It has already been two years since we started with the Commie Crud (tm Sgt. Mom) and what a two years it has been. I have occasionally put out a dispatch from the front lines of industrial distribution here in the USA and thought it might be a good time to give an update.
Inventories are up in all sectors of my business and every distributor is hoarding as much stuff as their banks will allow. Production patterns are impossible to predict as there always seems to be another calamity in line whether it is Delta, Omicron, another freeze coming to Texas, and so on. It is relentless, never ending and exhausting. Every single day we go to work there is a problem of some sort. The good news is that it isn’t even a surprise anymore it is just part of the daily grind.
Where in the past we had smooth curves that were developed over decades of normal pattern buying, now it is all spikes all over the place. It is literally impossible to forecast correctly. So you load up the barn and sort of hope. Honestly, that is true, sad as it seems.
In the beginning of the Covidian Era, finished goods were the huge problem and still are. I thought it would be parts. Parts have held out pretty nicely until the last few months and we are now seeing issues across many vendors. It’s all about huge demand and problems with the workforce along with lingering transportation issues. Anything made “over there” like ductless mini splits are hopeless at this point. They just “show up” and we sell out and hope to see more. The companies can’t even tell us when things will arrive on a timely basis.

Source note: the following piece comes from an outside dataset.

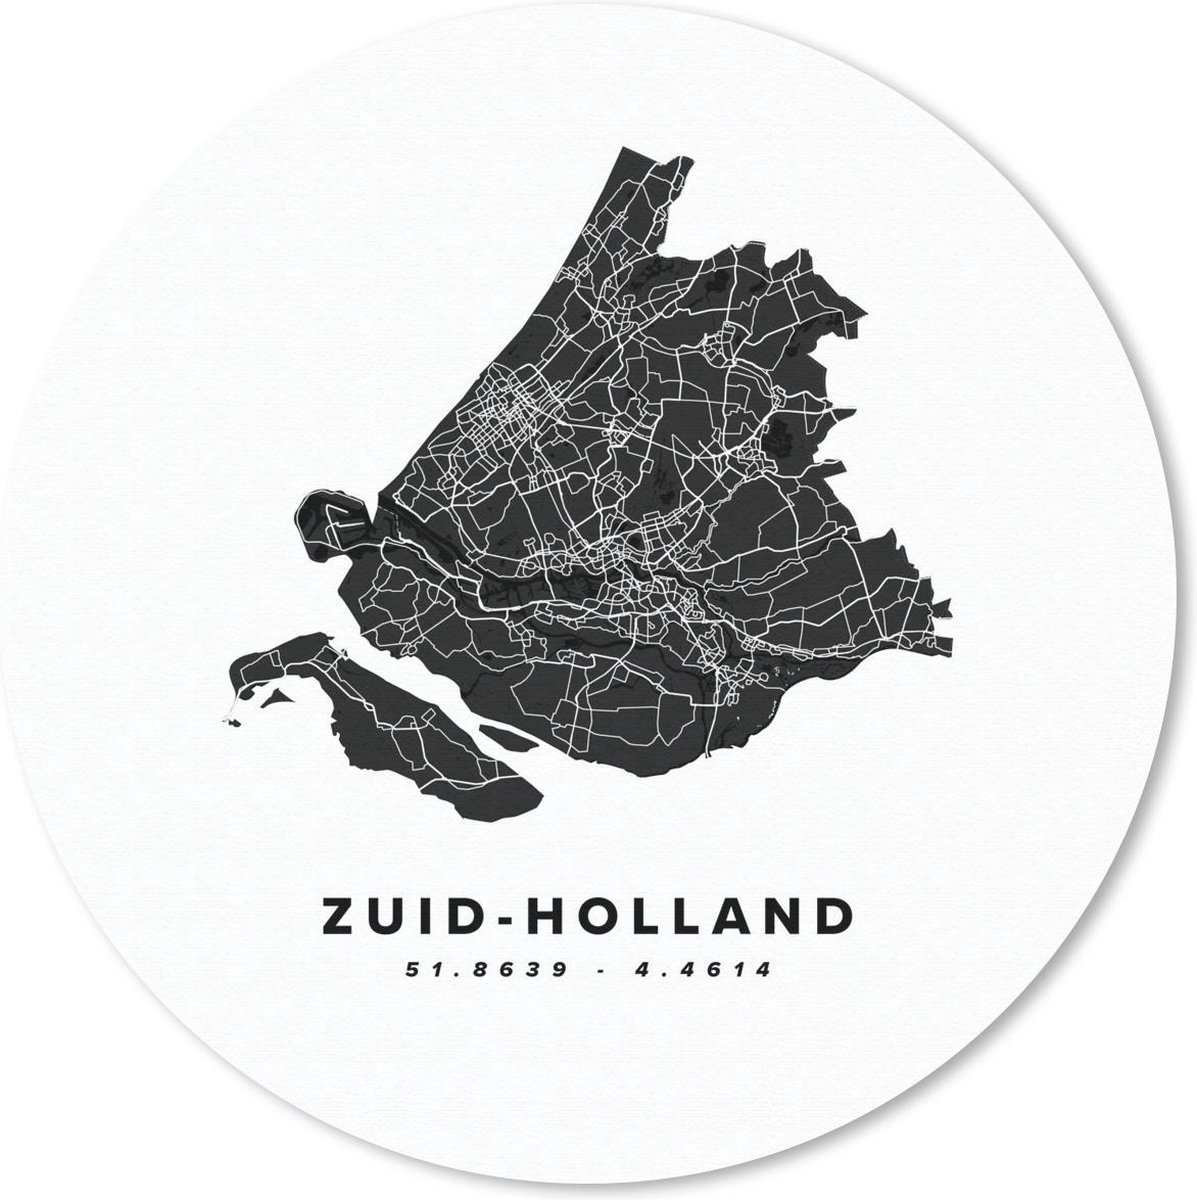 Muismat - Mousepad - Rond - Zuid-Holland - Nederland - Kaart - Wit - 50x50 cm - Ronde muismat

There really doesn’t seem to be too much light at the end of the tunnel, and there was at least a little six months ago. All industry people that I talk to are saying at least another year of this and maybe more. Prices are skyrocketing on pretty much everything but again, we are used to that now.
The good news is that we are flexible and able to find new vendors and solutions. If we were a large lumbering company with no room for change, it would be different but we are well financed, have a great bank relationship and are making new friends all the time.
So it’s tough again, but we are sort of steeled now. I know this isn’t much of an update really, but there it is.
It burns me crisp when I hear about teachers going on strike or when I see a tribute to medical people as if they are the only ones working hard through this. Not that I have anything against medical people, but give the rest of us “essentials” some love once in a while. Next time you see or hear something like that, mentally thank your auto mechanics, grocery workers, truck drivers, utility workers, HVAC techs, factory workers, and everyone else who hasn’t missed a day of work through this whole shebang. We are all exhausted too and would like to think that we are helping society by keeping machines running, people moving and fed, and structures lit, warm and/or cool.